Bala's Museum
- Location: Bala, Ontario, Canada
- Type: Lucy Maud Montgomery,
- Director: Jack Hutton and Linda Hutton
- Website: Official website

= Bala's Museum =

Bala's Museum, officially with the sub-name "With Memories Of Lucy Maud Montgomery", is a museum located in Bala, Ontario, Canada. It is owned and operated by Jack Hutton and Linda Hutton.

The museum was formerly a boarding house operated by Fanny Pike at the beginnings of the 1900s and now houses artifacts from the Muskoka region from its founding by Thomas Burgess as well as those pertaining to Lucy Maud Montgomery, the author of the Anne of Green Gables series and The Blue Castle. It is the only museum of its kind outside of Prince Edward Island to do so. It sees visitors from around the world regularly, especially for the annual Anne of Green Gables Day, with re-enactments of Montgomery's two-week visit to the region in 1922.

==Origins==

While on their honeymoon in Prince Edward Island, Linda and Jack Hutton discovered that Montgomery visited Bala for two weeks in 1922. The Tree Lawn Tourist Home, where Montgomery ate her meals while visiting the region, had been for sale for six years, and the couple bought the building to prevent its destruction. The couple opened a museum dedicated to Montgomery on July 24, 1992. It was the first museum to focus on Montgomery's life and her work in Ontario.

==Collections==

The museum features dioramas depicting scenes from Montgomery's book Anne of Green Gables. The museum also displays a first-edition copy and foreign language translations of the Green Gables book. A copy of The Delineator from 1905, featuring a painting of Montgomery by George Gibbs, is also part of the museum's collection. This painting is used as the front cover illustration of various editions of the Green Gables book.

The museum's most expensive acquisition is the original sheet music from the 1919 Anne of Green Gables film. They bought the sheet music from eBay, discovering after the auction that they were bidding against the National Library of Canada.
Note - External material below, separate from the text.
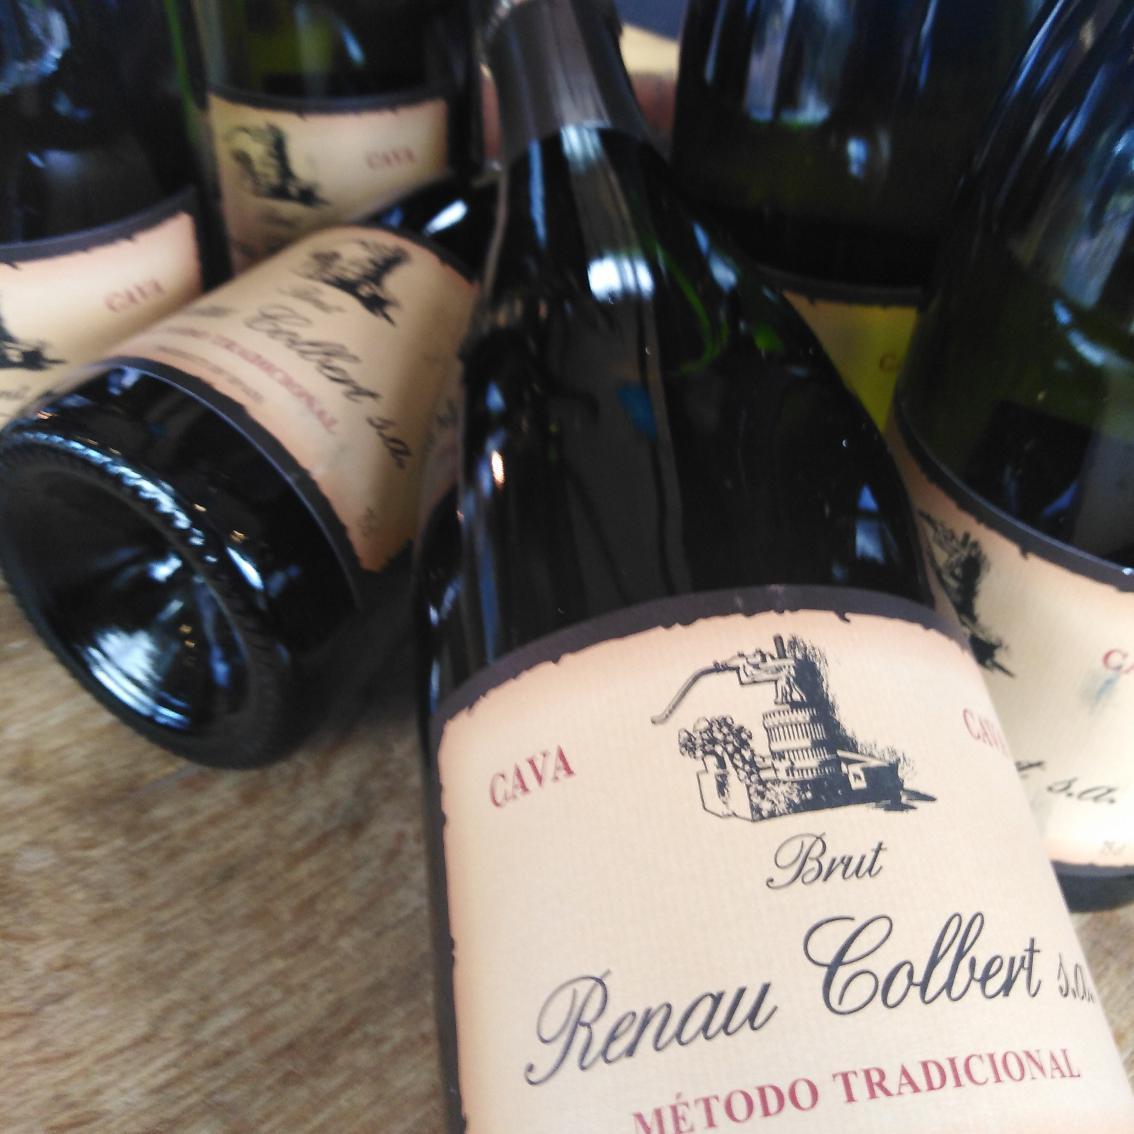 6 flasker Cava Brut - Renau Colbert

Although the film was destroyed, the museum has acquired film stills from the production of the movie.

The collection also includes items from Montgomery's life, including a silver tea set gifted to Montgomery for her 1911 wedding, a basket where the author kept her letters and excerpts from her diary during her visit to Bala.

==Historical designation==

In 2013, the museum was designated as a historical site by the township of Muskoka Lakes.